By permitting family members in Malta to pass on their licenses as a Port worker to the respective next-of-kin defeats the whole scope of basic principles of fairness, equality and non-discrimination. Every worker should be granted with a Port Worker Licence for their own personal merits, without the interference of family bias and favouritism. The local selection system currently in place indeed restricts the work freedoms within this sector.

In light of the above considerations, Malta had until the 29th November 2022 (2 months from receiving the formal notice dated 29th September 2022) to comply with the opinion presented by the EC, and amend its legislation. Since to date it did not, there is now a possibility that the EC will bring the matter before the Court of Justice of the European Union. The Courts will then take the necessary steps to ensure that Mata complies with the opinion, and, it may even impose a penalty payment.

Concluding Remarks

Any person should always be free to fill the vacancy of a port worker, without feeling fearful that this work opportunity will be turned down, without question, by the local Authorities, simply due to the permissible family ‘pass it on’ legal trend.

[1] This on the basis of Article 258 of the Treaty of the Functioning of the European Union (TFEU), which may be accessed here.

[2] Article 56 of the TFEU

[3] Article 49 of the TFEU

[4] The handling of cargo includes cereals, seeds and grains, meats, gas cylinders and bitumen or asphalt in drums, but excludes that cargo transported between Malta, Gozo and Comino, coke or coal in bulk, oils and wines, farm animals and fish, bitumen in bulk, motor vehicles and commercial vehicles of a maximum of 10 tons.

[5] As established through Article 10 of the Port Workers Regulations, where the register shall contain a section clearly indicating the names of persons, other than prospective port workers, eligible to become port workers.

[6] The surcharge, or additional charge, is calculated at such percentage of the gross wages of port workers, as prescribed by law.

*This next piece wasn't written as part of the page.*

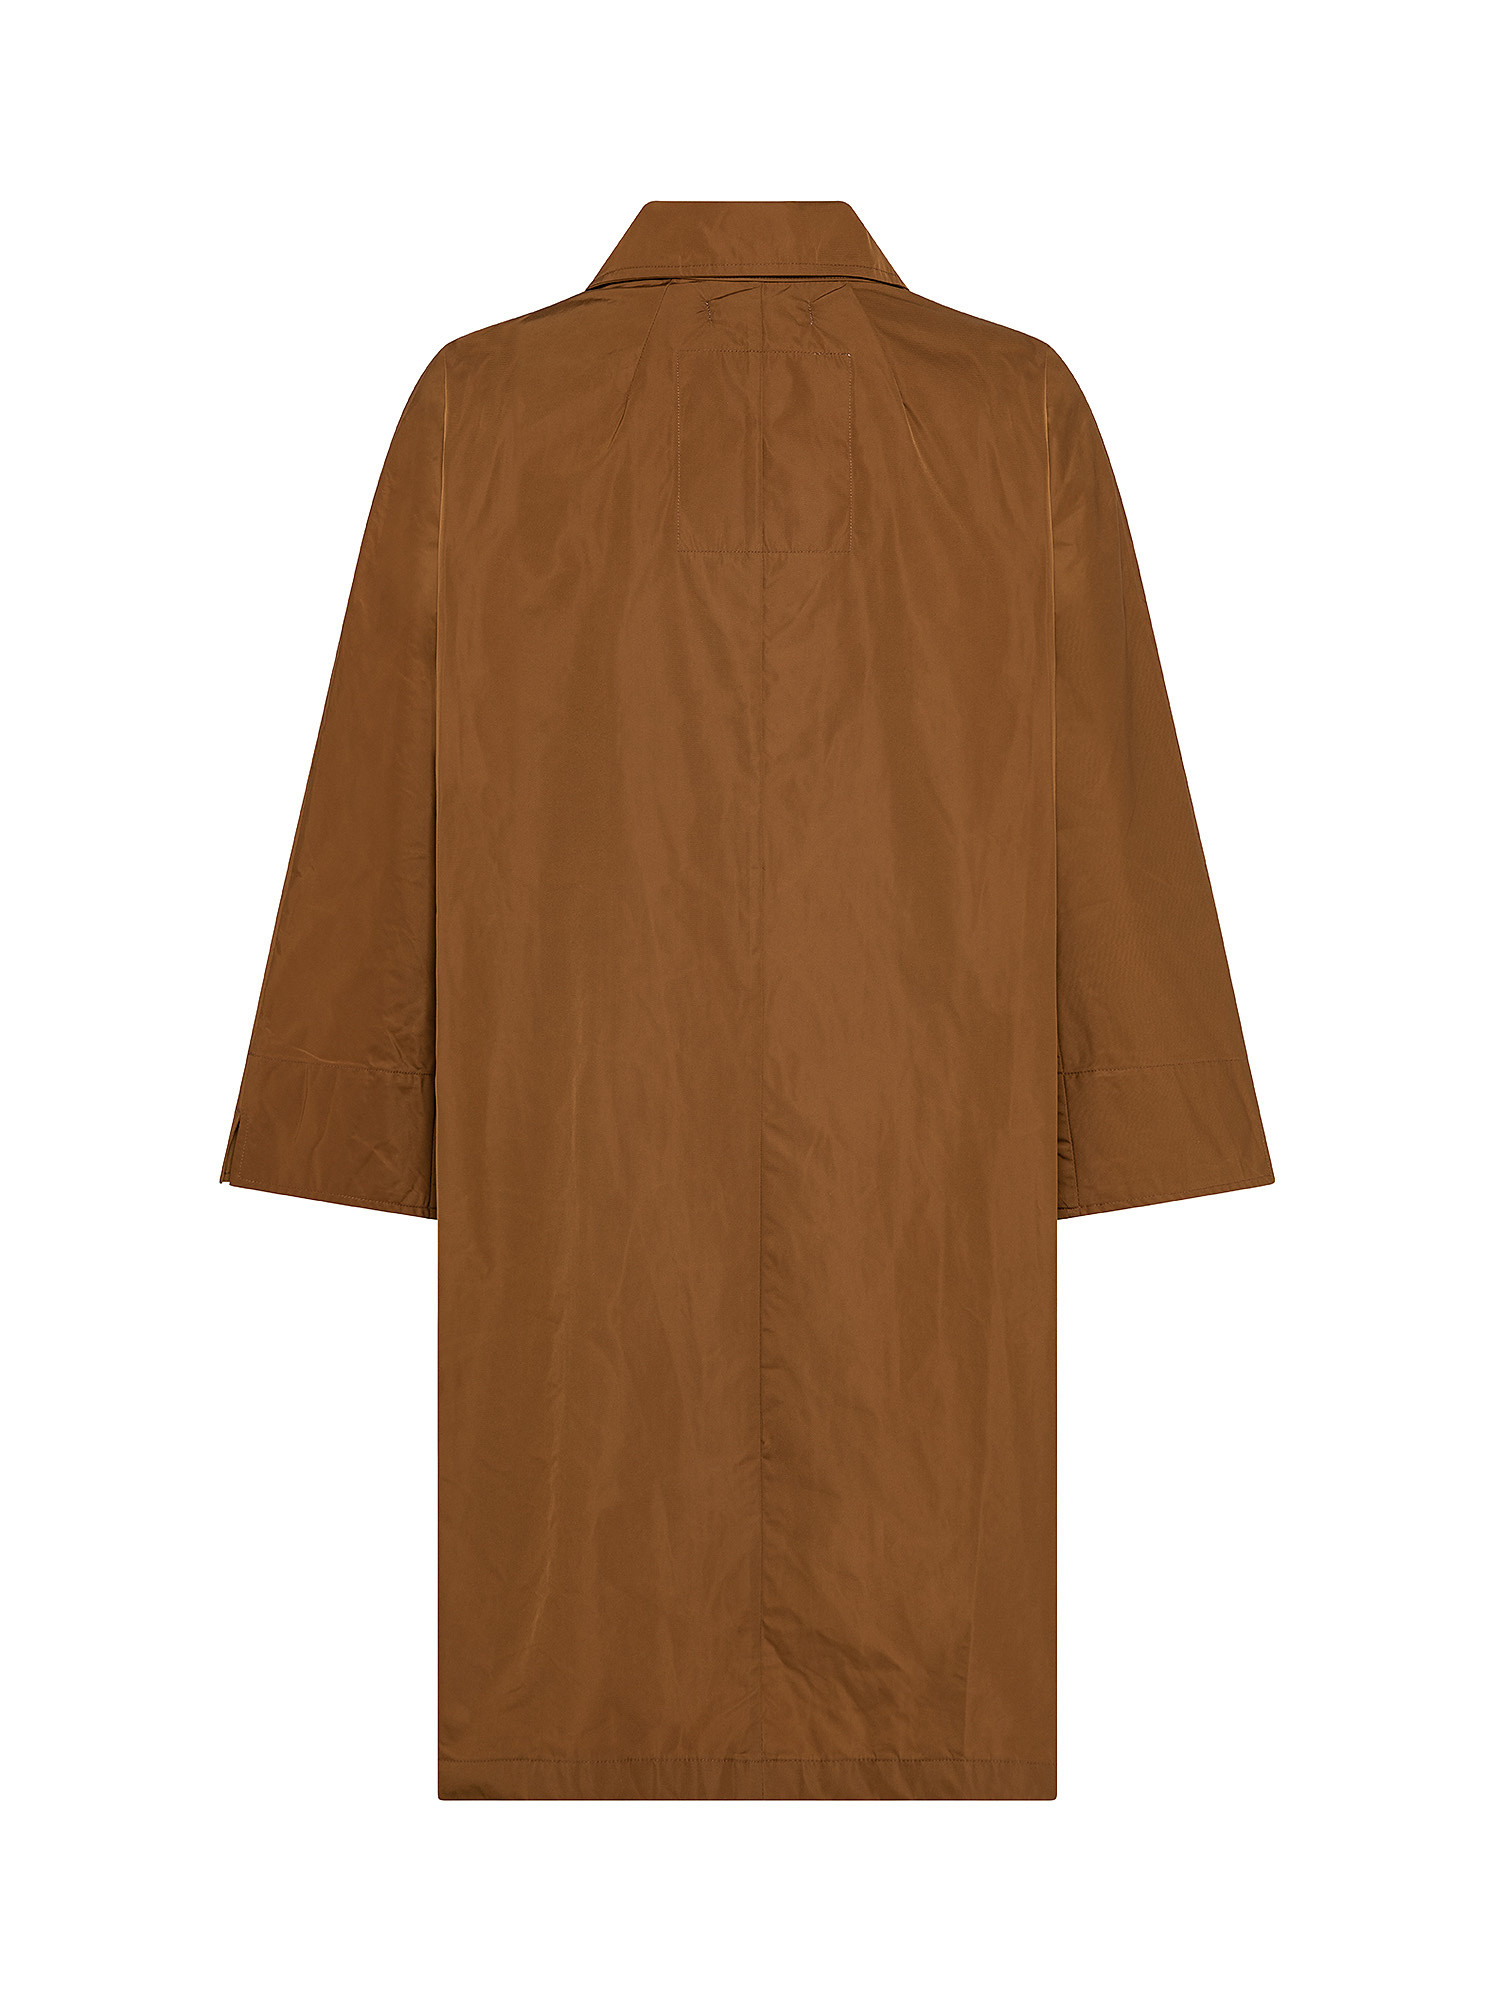 Coat, Brown, large image number 1

[7] Refer to Article 11(3) of S.L 171.02

[8] Refer to the case John Elton Mifsud vs Port Workers Board et, First Hal Civil Court, on the 25th of February 2021, Case Number 104/2019, which proved how the succession of a Port Workers’ licence cannot be passed onto a family member below the age of 18. It was explained that: “madankollu l-istess Vincent Mifsud ma setax jirregistra lill-ibnu l-esponent biex jiret il-pozizzjoni tieghu skont il-ligi u dan ghaliex fiz-zmien li rtira l-esponent kellu hmistax-il sena u kwindi ma kienx tal-eta`. Ta’ min ifakkar illi s-sistema` li kienet tithaddem fil-Port hija simili ghal sistema “closed shop” u dana billi d-dritt tax-xoghol jintiret mill-genitur favur l-akbar mill-ulied (ara Regolament 13 ta` L.S. 171.02).”